The lifecycle of the invoice discounting process begins with the onboarding of the borrower, which typically takes about 2-3 months. This phase includes vetting the borrower’s creditworthiness, market feedback, setting up necessary compliance, understanding the legal aspects, and establishing terms and conditions. Once onboarded, the borrower can present invoices for discounting based on their financing needs. The invoices are then discounted for a short period, generally ranging from 30 to 90 days. The duration depends on the nature of the transactions and the counterparty’s requirements. This allows borrowers to access immediate liquidity while awaiting payment from their customers, optimizing cash flow and business continuity. The cycle repeats as borrowers generate new invoices, continuing a dynamic and flexible financing solution.

  • How do you onboard a new company for Invoice Discounting (ID)? What is the risk management process followed when listing an ID opportunity?

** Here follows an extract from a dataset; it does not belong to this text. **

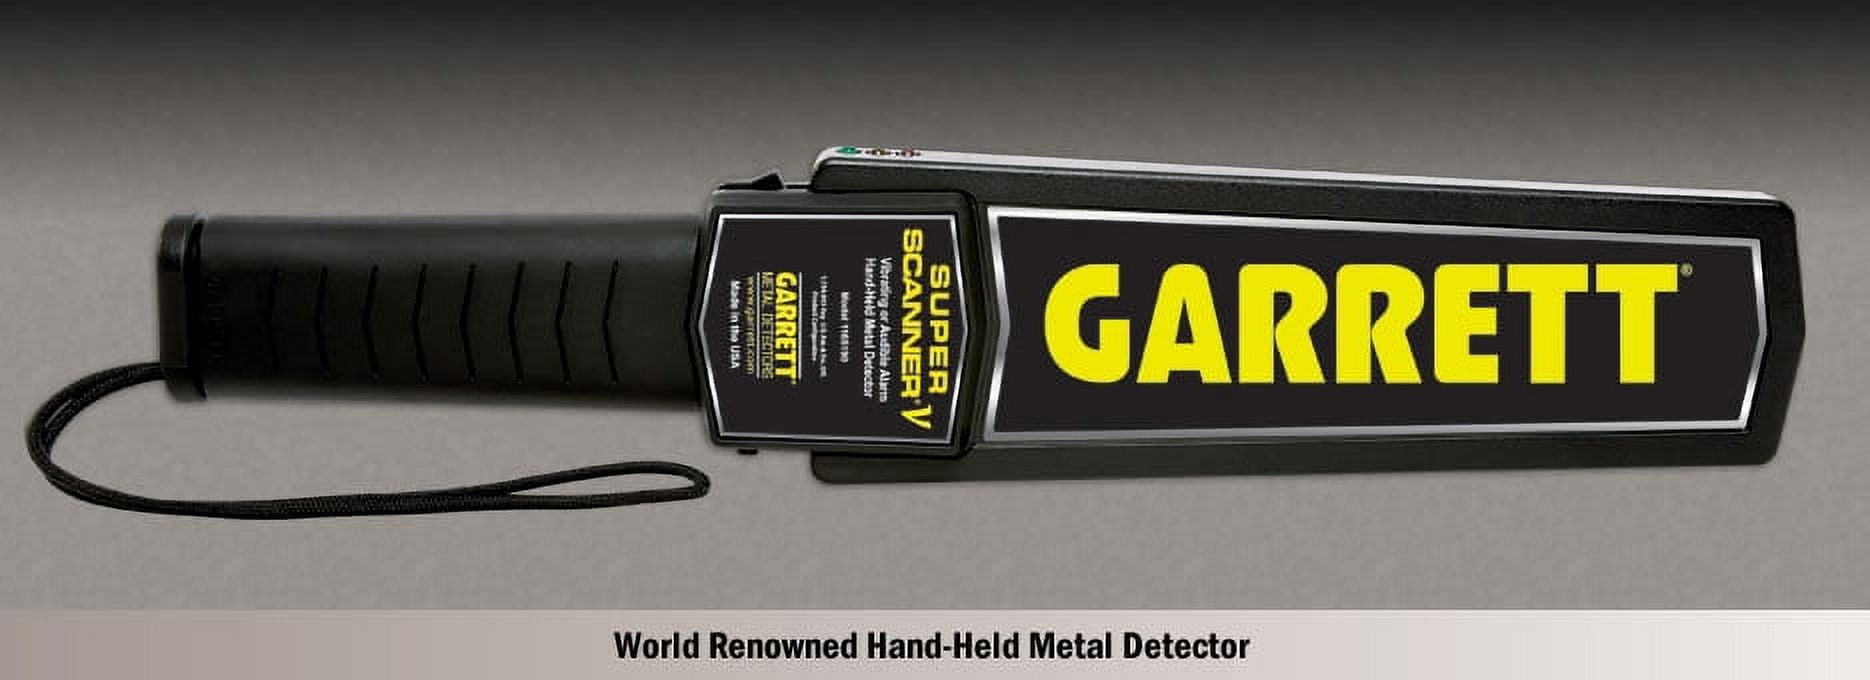 Detector de Metales Garret Super Scanner V

When a company approaches us for an invoice discounting deal, it undergoes a thorough credit assessment process involving several key steps. Only after meeting rigorous criteria do deals qualify for listing, with just about 7% of all incoming deals making it live on our platform. Attached are the slides that explain the process in detail. Do reach out to us in case you need any further clarifications.

  • Can you elaborate on the type of  Invoice Dicounting opportunities currently on the platform?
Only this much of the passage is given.